曹可儿不能成为骆坤的救命恩人,自然就不可能嫁入骆家,她现在只不过是一个疯癫的、连自己亲生女儿都不认的疯女人,几乎没有了再能折磨姜小柒的机会和能力。
姜小柒端着清粥咸菜给曹可儿送了过去,阴暗小屋只有一扇传饭用的小窗口,其他的门扉和窗户全部被钉死了。
透过那小的可怜的窗户,姜小柒将今日的饭菜递了进去。
“什么破东西,我不吃!”递进去的碗筷被一下子打翻在地,曹可儿披散着头发满脸厉色的面孔挤在窗口处,一排阴森森的牙齿恨不得在姜小柒的喉咙上狠狠来上一口。
“姜小柒,你这个不孝的畜生!变着法把老娘当成疯子关到这破地方,你就不怕天打雷劈吗?”
姜小柒吃了一惊,装作伤心的模样抽泣道:“娘,您到底什么时候才能好啊?小柒已经没有爹了,您再这么疯下去,小柒连娘都没有了……姨奶奶说您要是不好,就要关您一辈子,您让小柒怎么办啊?”
姜小柒早已感受到了身后传来微弱的呼吸声,定是骆坤无疑。姜小柒当着重要观众的面儿,为了哭的真实,偷偷在自己腿根上掐了一把,那泪水流淌的更加欢快了。
听着后面骆坤叹气离开的声音,姜小柒嘴角撇过一抹嘲讽的笑意,看着里面骂的声嘶力竭的曹可儿,姜小柒“哎呀”一声呼道:“娘啊,今日姨奶奶他们外出,厨下不做晚饭,您把饭菜都打翻了,就再没的吃了……”
曹可儿顿时瞪圆了双眼,嗷的一声作势要抓姜小柒的脸,嘴里骂着:“小贱人,你不得好死!”。
姜小柒轻轻松松的躲开,在离窗口不远的地方冷冷的笑起来,嘴巴微动吐出一句话:“曹可儿,这是你的报应!”
曹可儿从姜小柒的口型中猜出了这句话,气的两眼直翻白眼,嘴巴不住的蠕动着却半晌说不出话来。
她不知道从何时起,自己那个懦弱的爱哭的酷似瘫子丈夫的女儿突然间厉害了这么多,无论自己怎么叱骂、恐吓,她那双漆黑的眸子总是波澜不惊,带着淡淡的嘲讽鄙视的注视着自己,那眼神看的自己不寒而栗,仿佛是从地狱里来的想要复仇的恶魔。她不屑于将自己杀死,而是要慢慢的将自己折磨成一个废人,一个疯子,让自己在一片骂声和嘲讽中死去、腐烂。
曹可儿打了一个大大的寒颤,她突然间莫名的恐惧起来,难道这个姜小柒根本不是自己的女儿?对,她不是姜小柒,是那死鬼丈夫回来了,他找自己复仇来了!!
原来姜大公子的死和曹可儿有很大关系,姜大公子虽然瘫痪,但作为男人的功能还是健全的。
当年曹可儿为了能够在姜家立足,不得已和姜大公子圆房,一朝生下了姜小柒后就再不曾亲近姜大公子。
眼看姜小柒就要十三岁了,一直没有儿子的姜大公子提出让曹可儿再给自己生一个子嗣。
然而深深厌恶丈夫的曹可儿连看一眼丈夫都恶心的受不了,哪里肯为他再生儿育女,当即讽刺道:“就你那一团死猪肉的模样还想再生儿子?我宁愿跟一只狗,也不想再跟你!”

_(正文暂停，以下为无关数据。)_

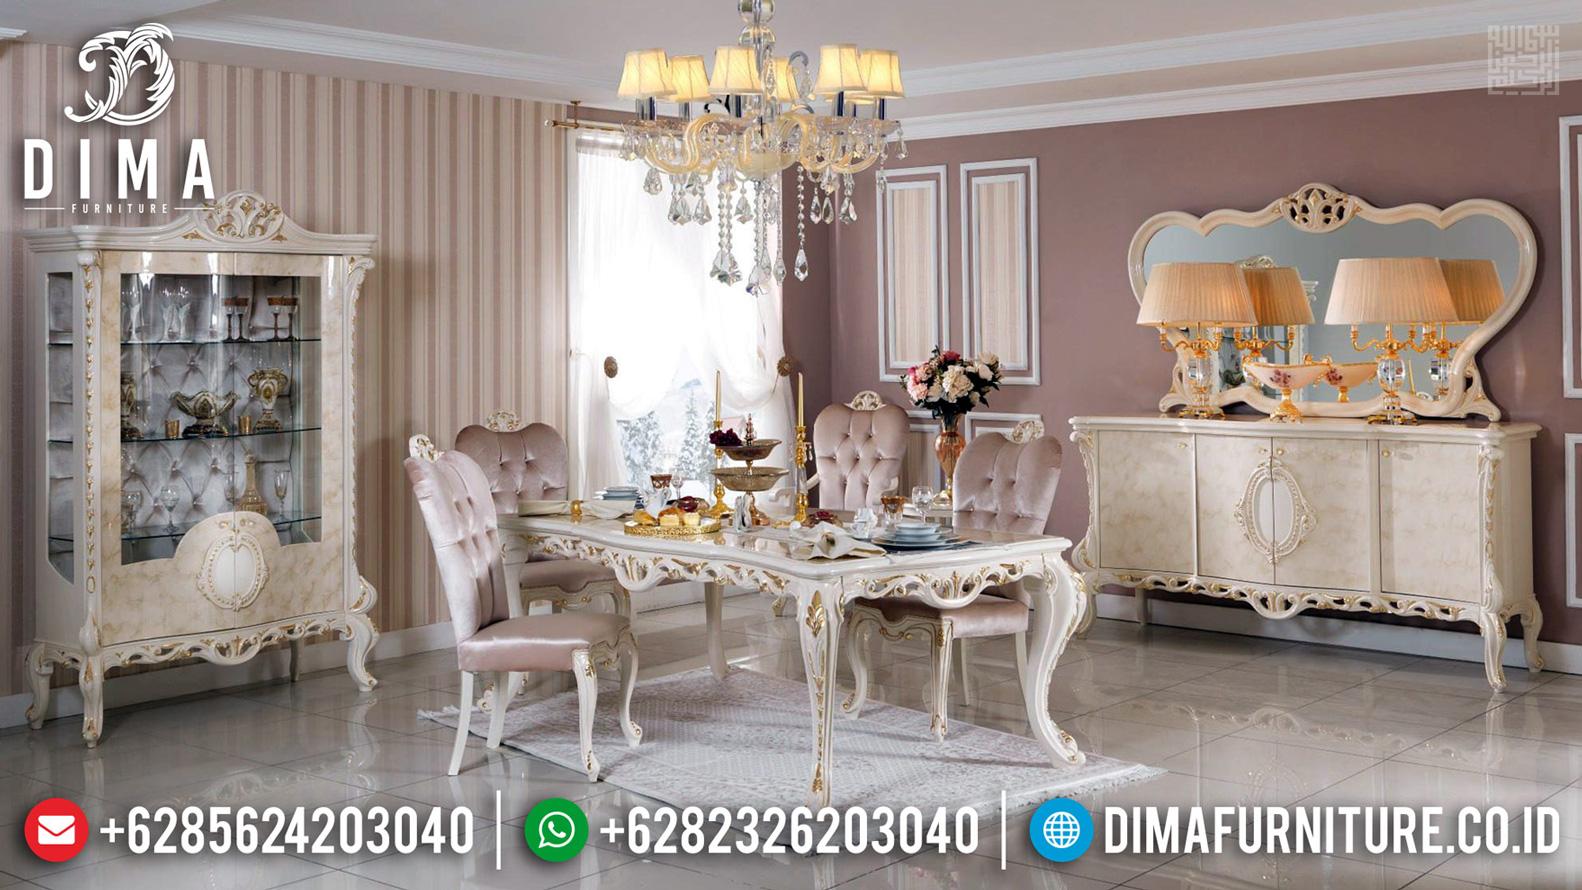 Meja Makan Mewah Queen Style Luxury Carving Furnishing Jepara MMJ-0531
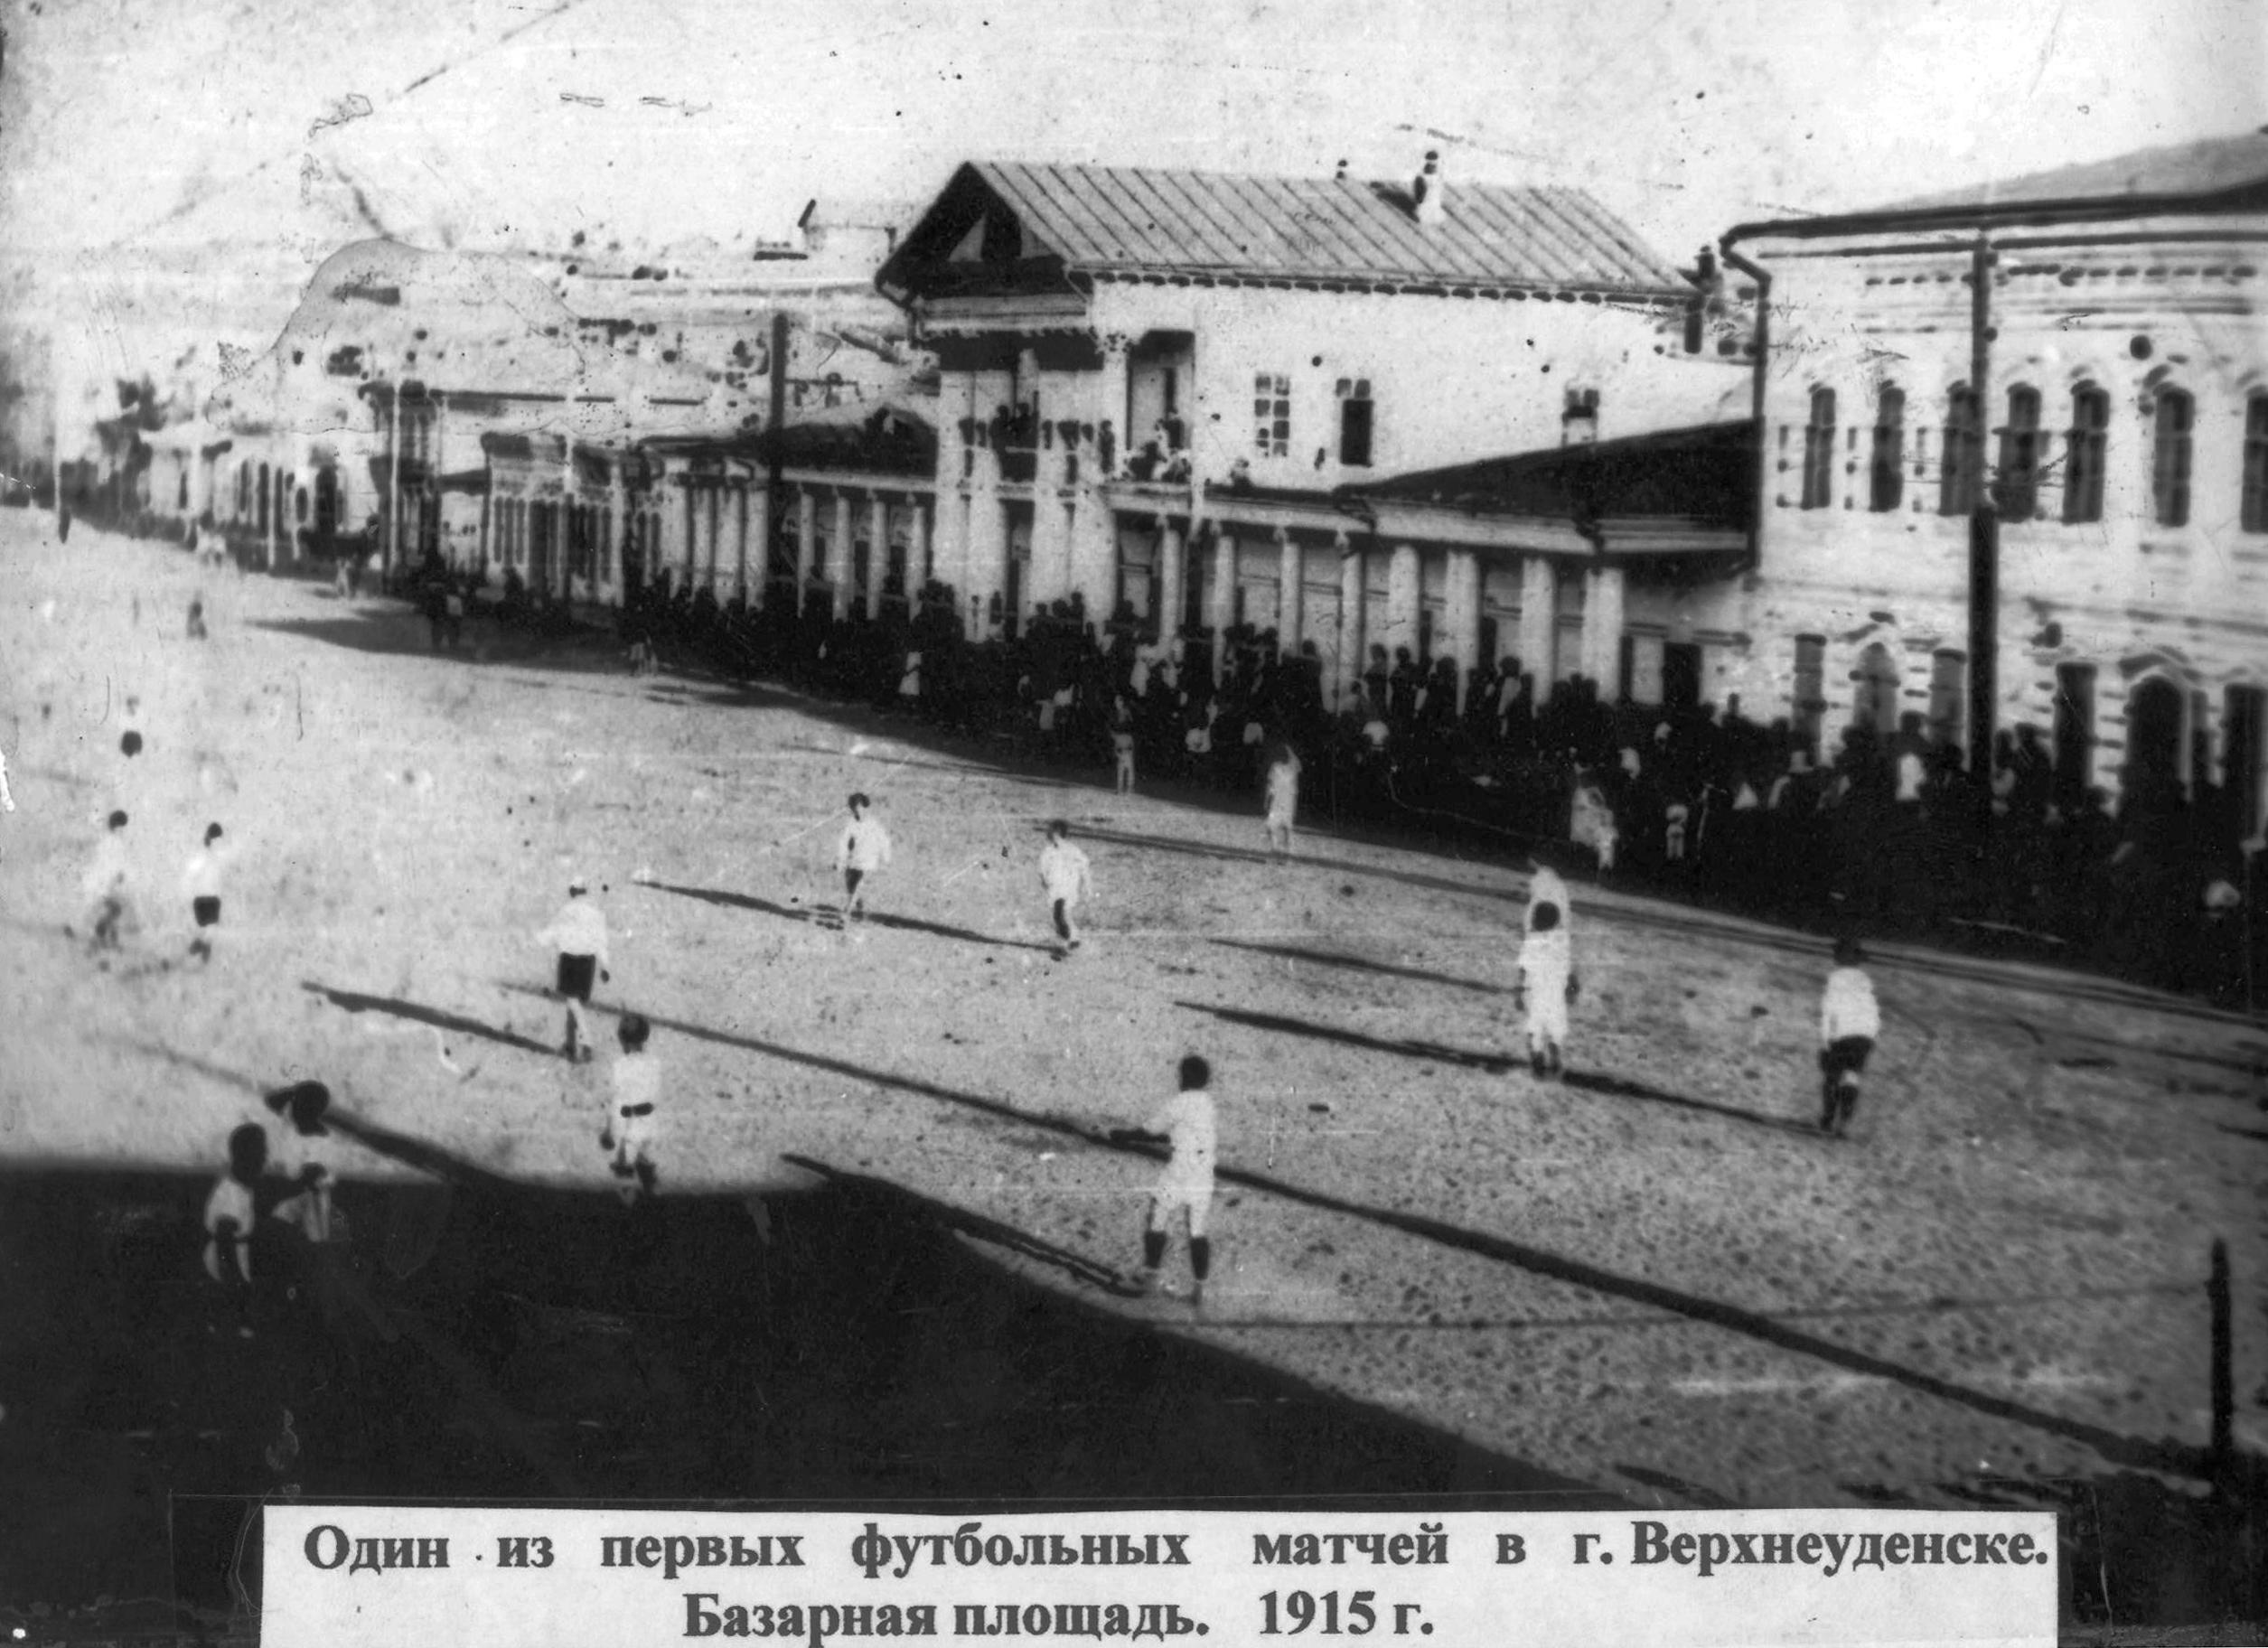 Горд Верхнеудинск. Базарная площадь. Один из первых футбольных матчей, 1915 год

姜大公子被曹可儿气的两眼鼓出,一时间痰气攻心,眼看着就要喘不上气,曹可儿刚想去叫人,却又想到自己刚才情急之下说出的话,若是让姜大公子恢复过来,他定会告诉姜家其他人,到时候要么将自己休弃,要么会强制自己与他圆房,无论哪一个都是曹可儿不想接受的。
曹可儿想到此处,不由停下了脚步将门窗紧紧关闭,看着喉咙里不断发出恐怖的“嗬嗬”声的丈夫,曹可儿目露凶光,居然拾起被子牢牢的盖在了丈夫的脸上。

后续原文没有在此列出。